● **DIRECTIONS FOR THIS TASK**
For the data that follows, return each line unchanged and drop the pictures.

● **DATA BLOCK**
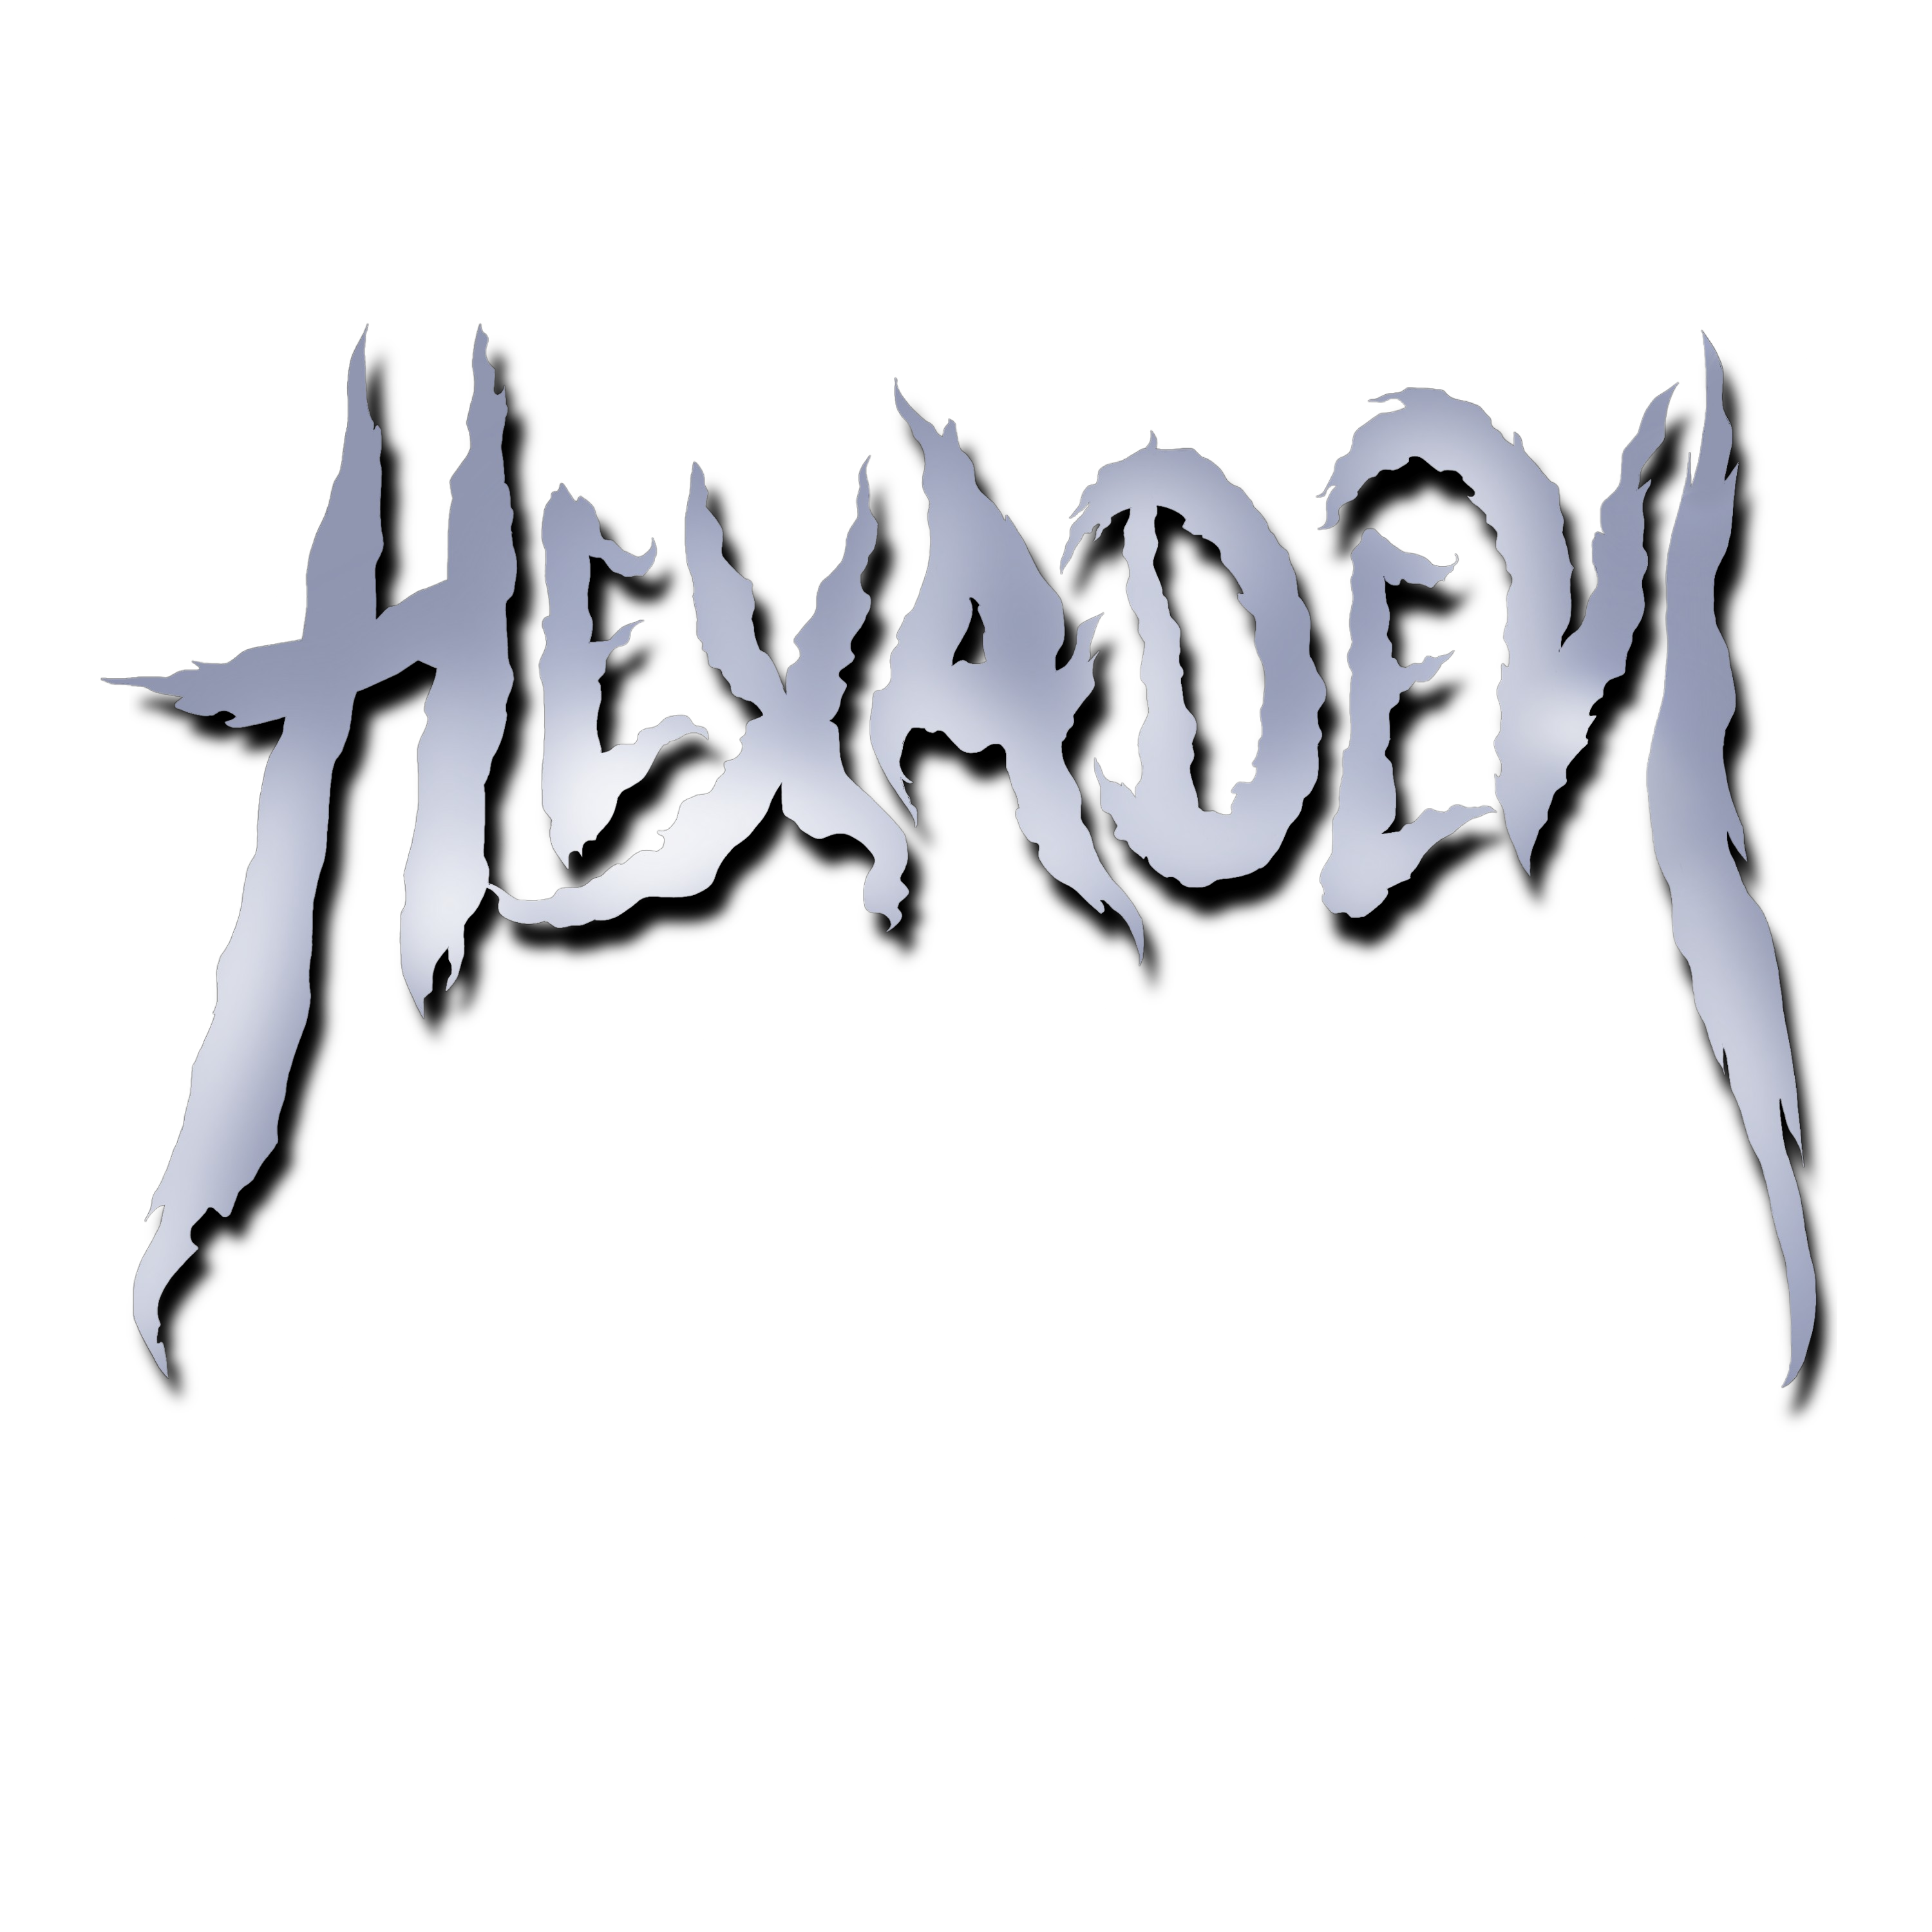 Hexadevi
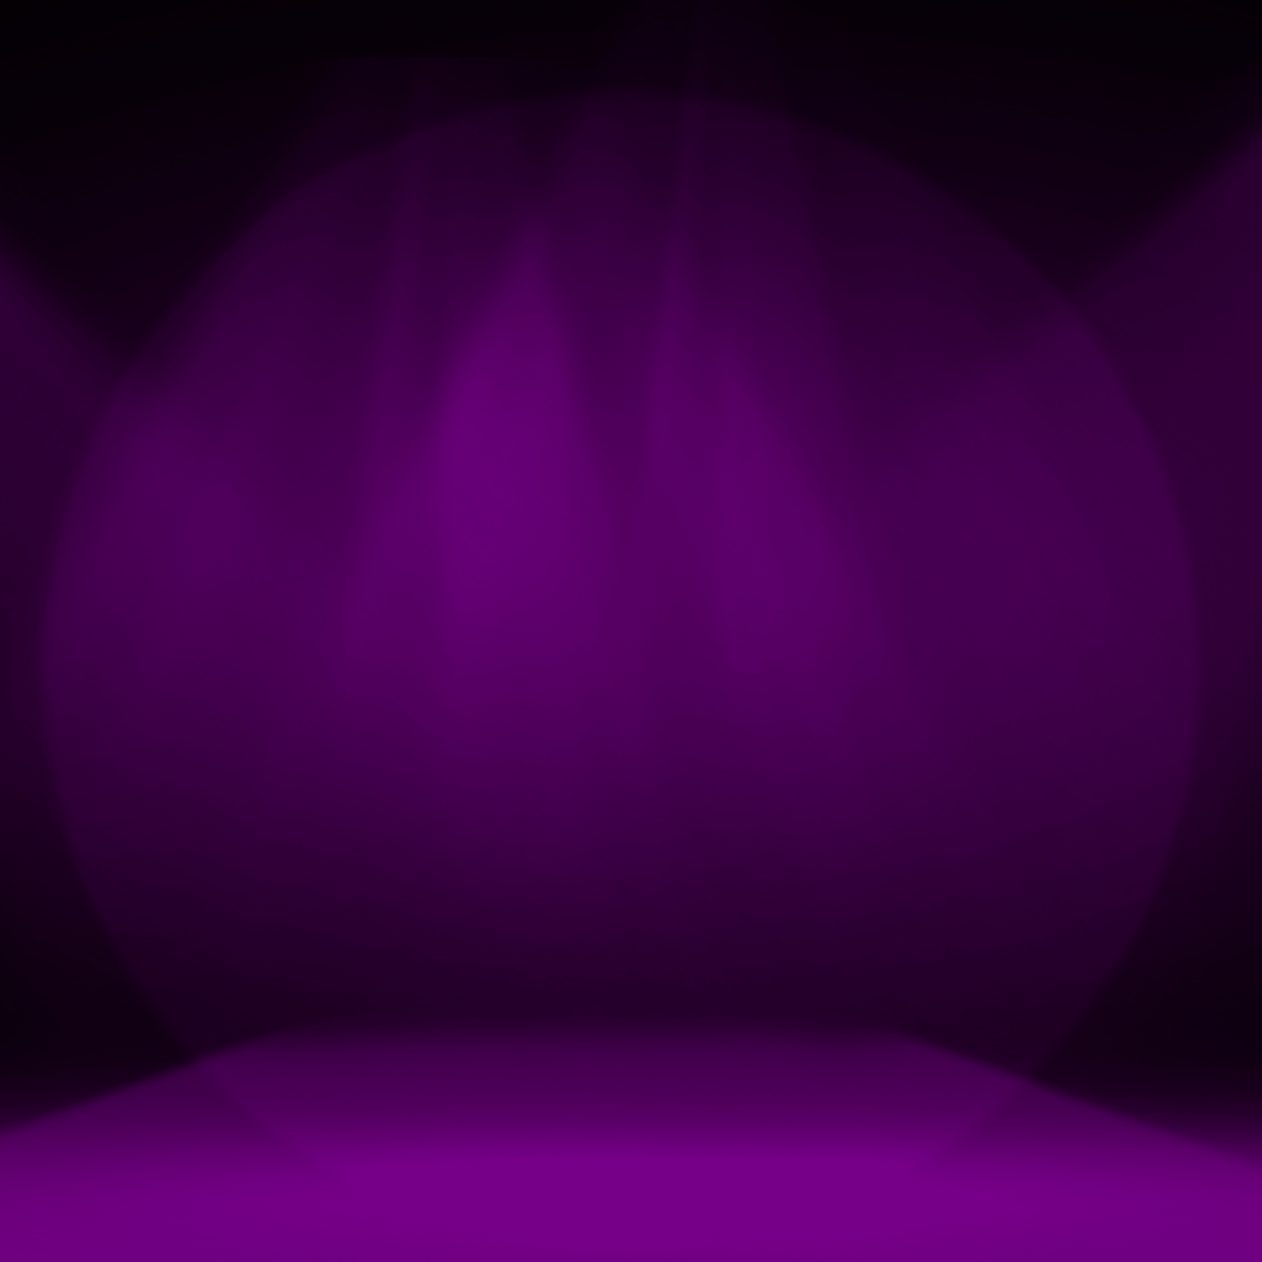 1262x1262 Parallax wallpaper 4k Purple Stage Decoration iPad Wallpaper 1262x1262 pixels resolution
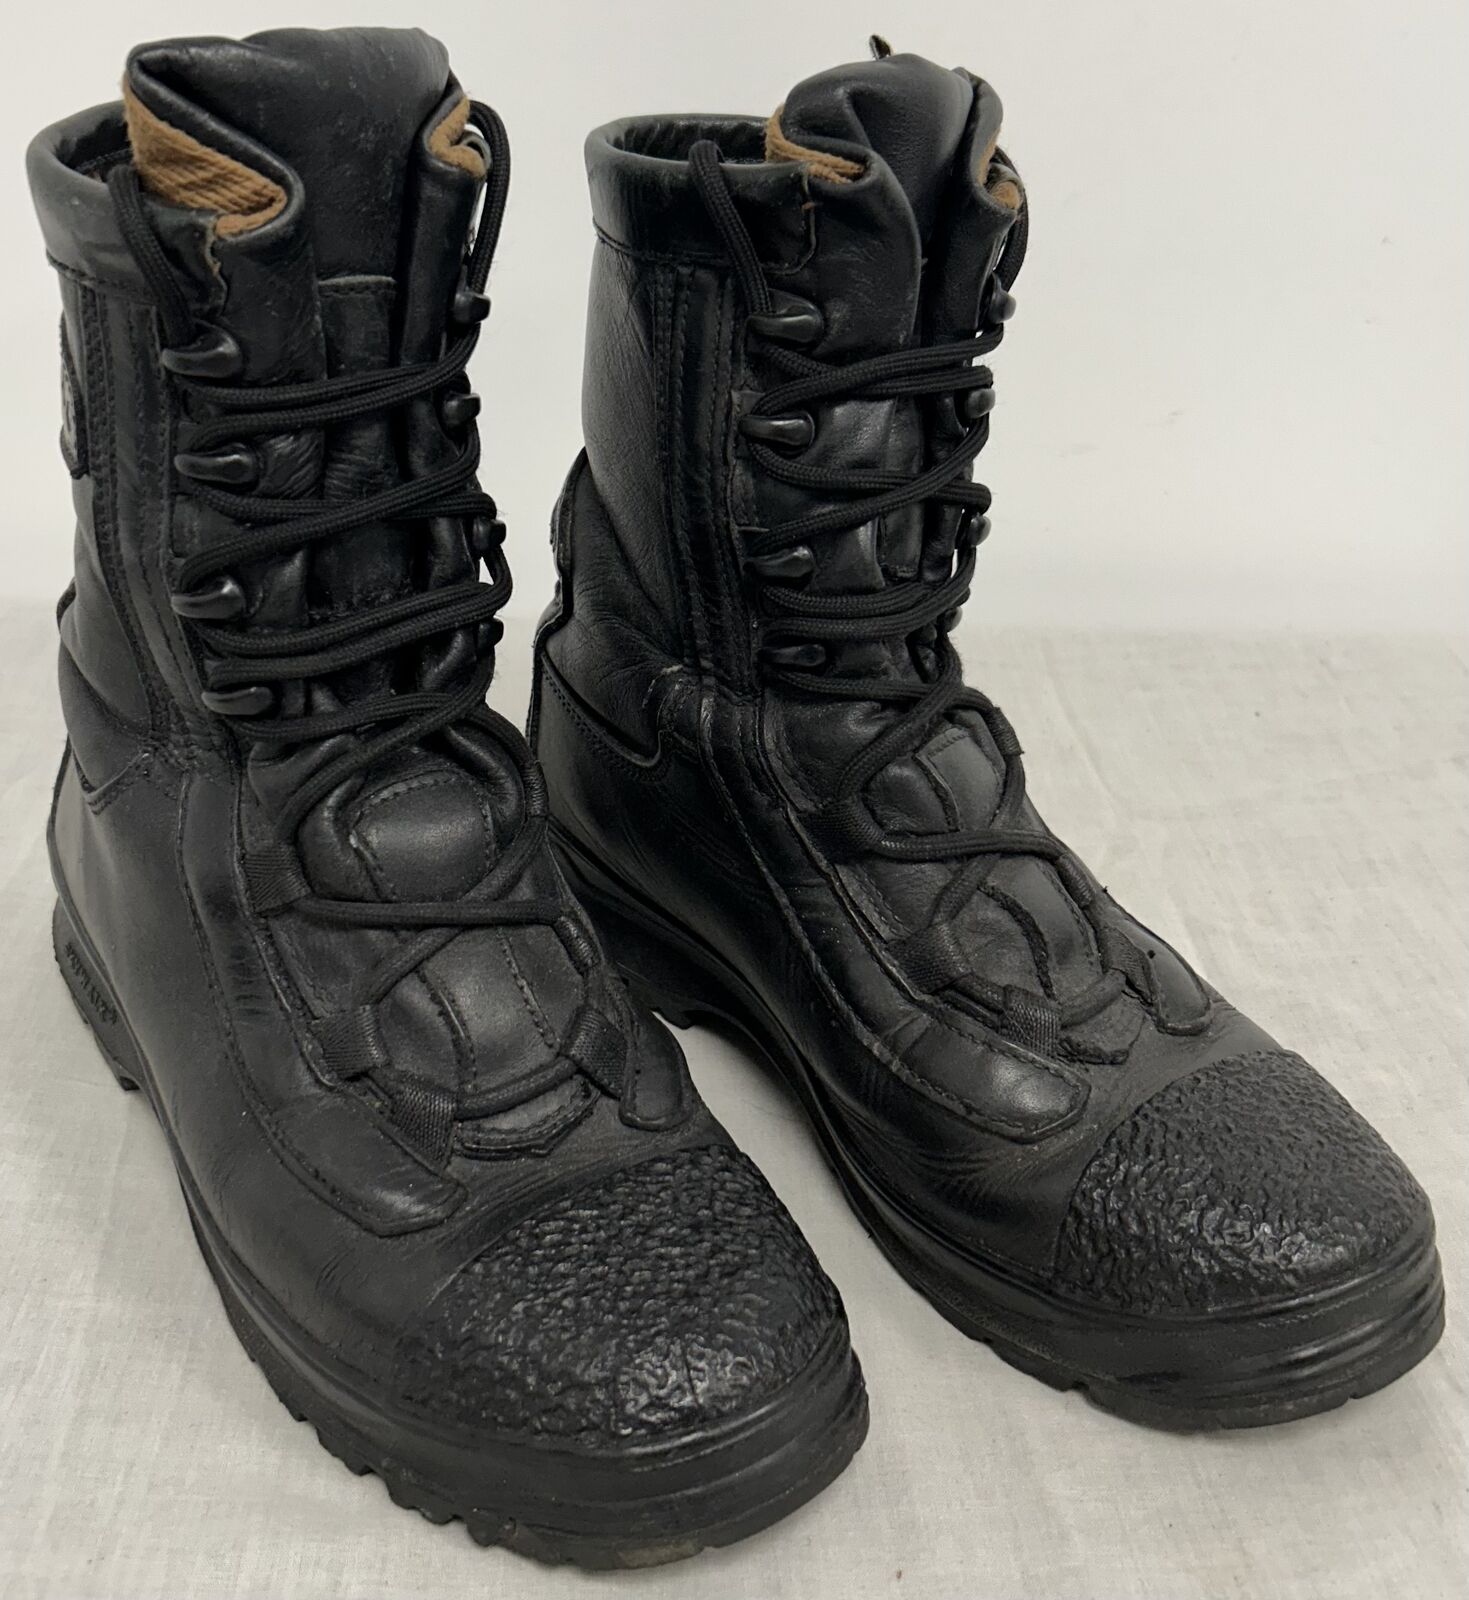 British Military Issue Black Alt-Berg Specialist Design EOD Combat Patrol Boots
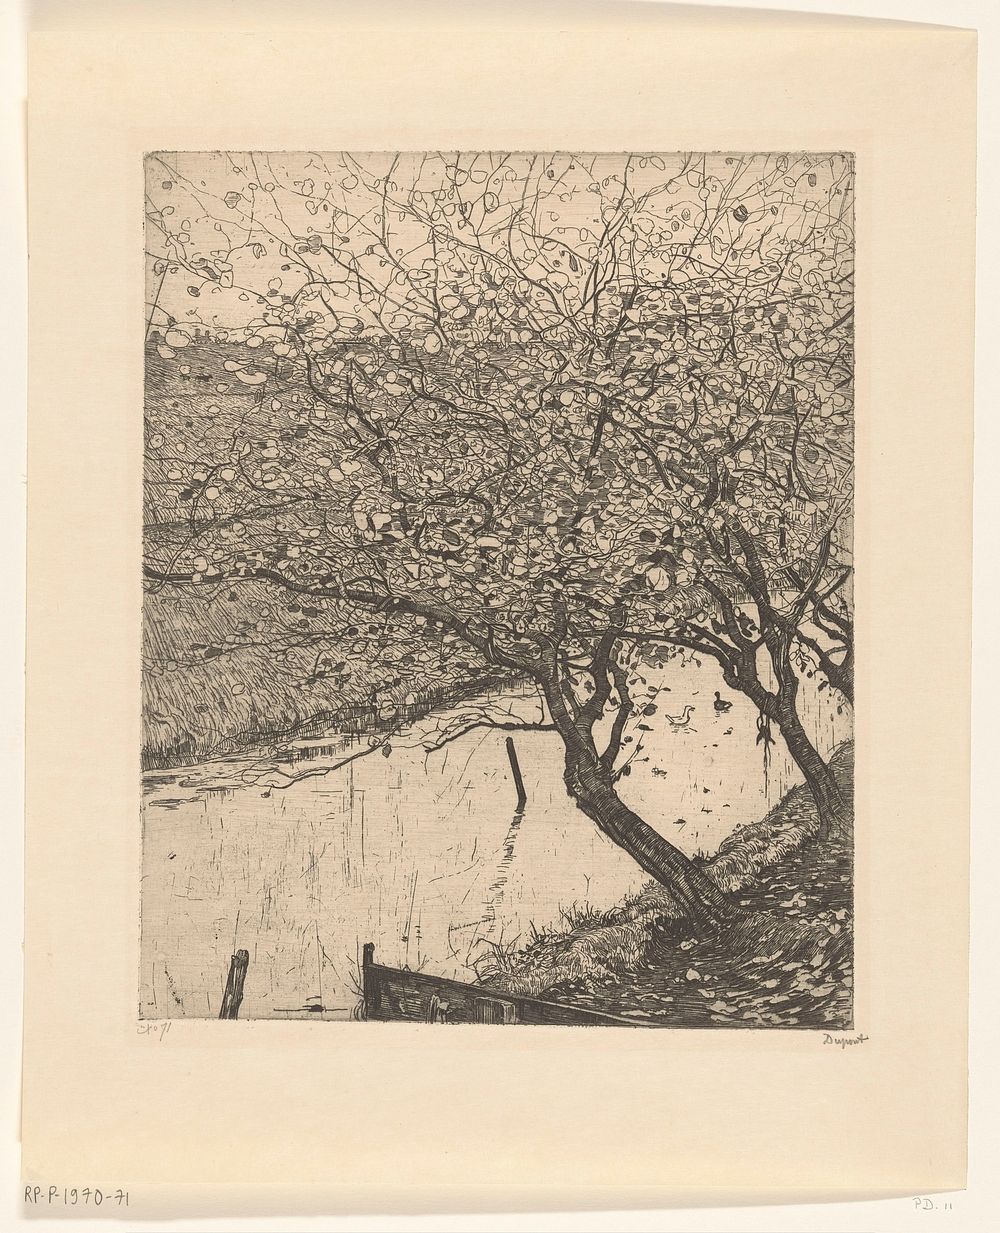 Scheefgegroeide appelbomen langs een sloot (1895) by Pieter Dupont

● **COMPLETED EXERCISE**
 Hexadevi
 1262x1262 Parallax wallpaper 4k Purple Stage Decoration iPad Wallpaper 1262x1262 pixels resolution
 British Military Issue Black Alt-Berg Specialist Design EOD Combat Patrol Boots
 Scheefgegroeide appelbomen langs een sloot (1895) by Pieter Dupont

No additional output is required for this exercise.